Whitaker, Simon, Lowe, Furgus and Wearden, John (2008) When to respond? And how much? Temporal control and response output on mixed-fixed-interval schedules with unequally probable components. Behavioural Processes, 77 (1). pp. 33-42. ISSN 0376-6357
Abstract

Rats were trained on mixed-fixed-interval (FI) schedules, with component FIs of 30 and 60 s.
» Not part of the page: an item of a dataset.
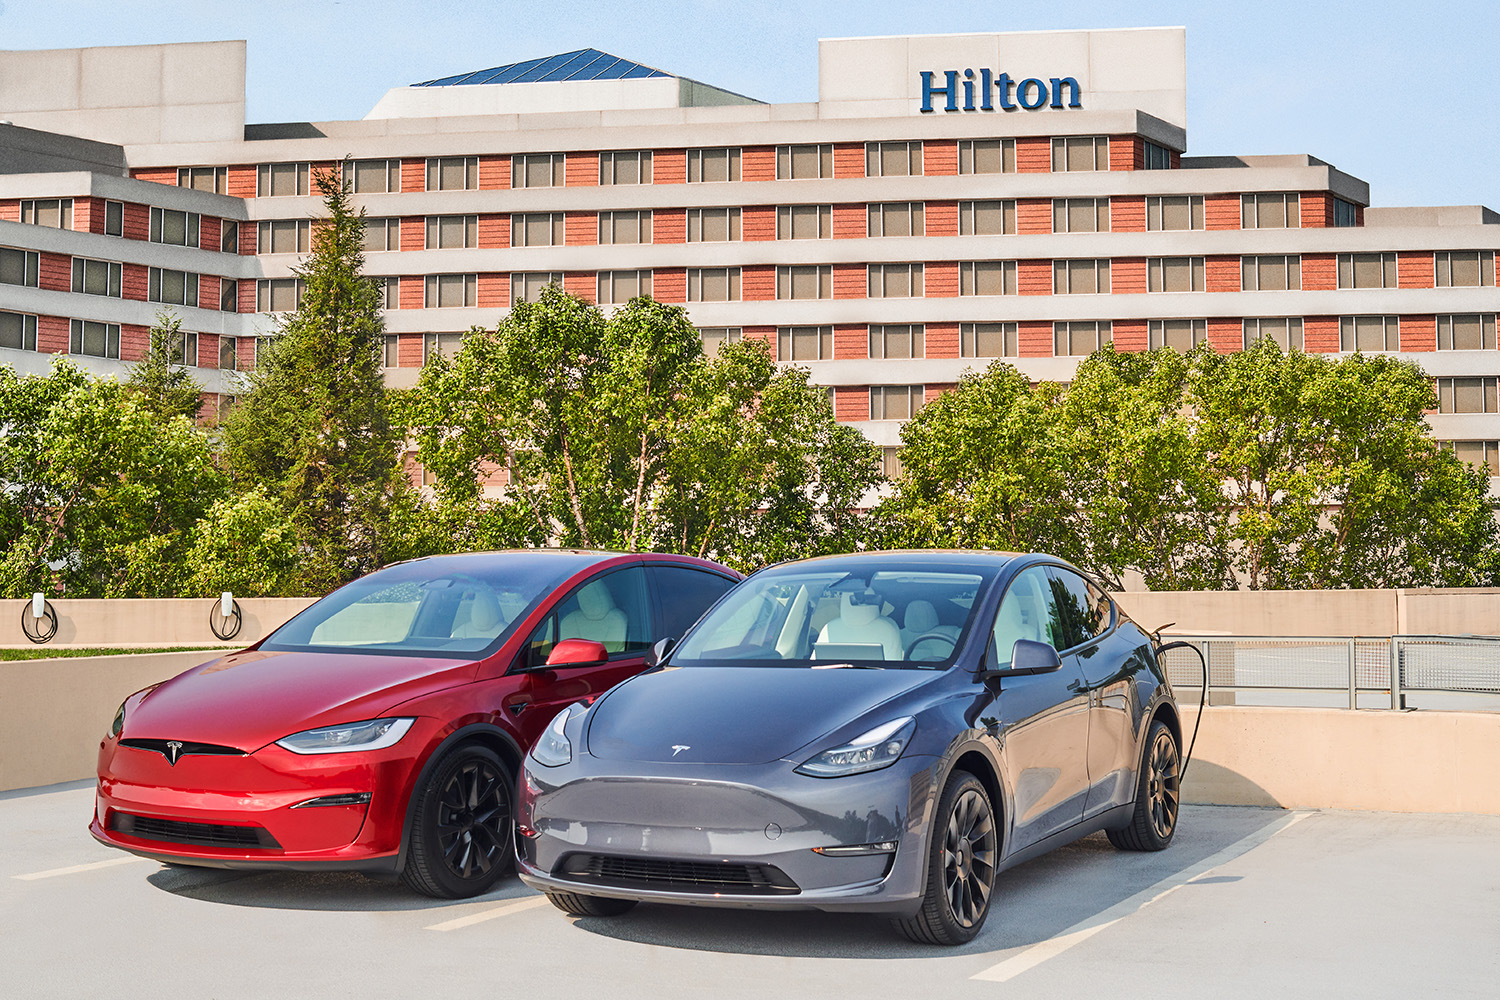 Hilton Tesla chargers

The probability of reinforcement according to FI
30 s varied between conditions, across values of 0.1, 0.3, 0.5, 0.7 and 0.9. When response rate in the 60 s intervals was measured, separate response peaks, one close to 30 s, the other at 60 s, could be identified when the probability of reinforcement at 30 s was 0.3 or greater. Nonlinear regression found that the location of the earlier peak was always close to 30 s, that the coefficient of variation of the response functions at 30 and 60 s were unaffected by reinforcement probability, but that the 30 s component appeared to be timed slightly more precisely than the 60 s one. Response rate
at around 30 s increased with increasing probability of reinforcement according to FI 30 s, but responding at 60 s was unaffected by reinforcement probability. The data are discussed with respect to a number of contemporary models of animal timing (scalar expectancy theory, the Behavioural
Theory of Timing and the Learning to Time model), and a recent account of response output on FI-like schedules.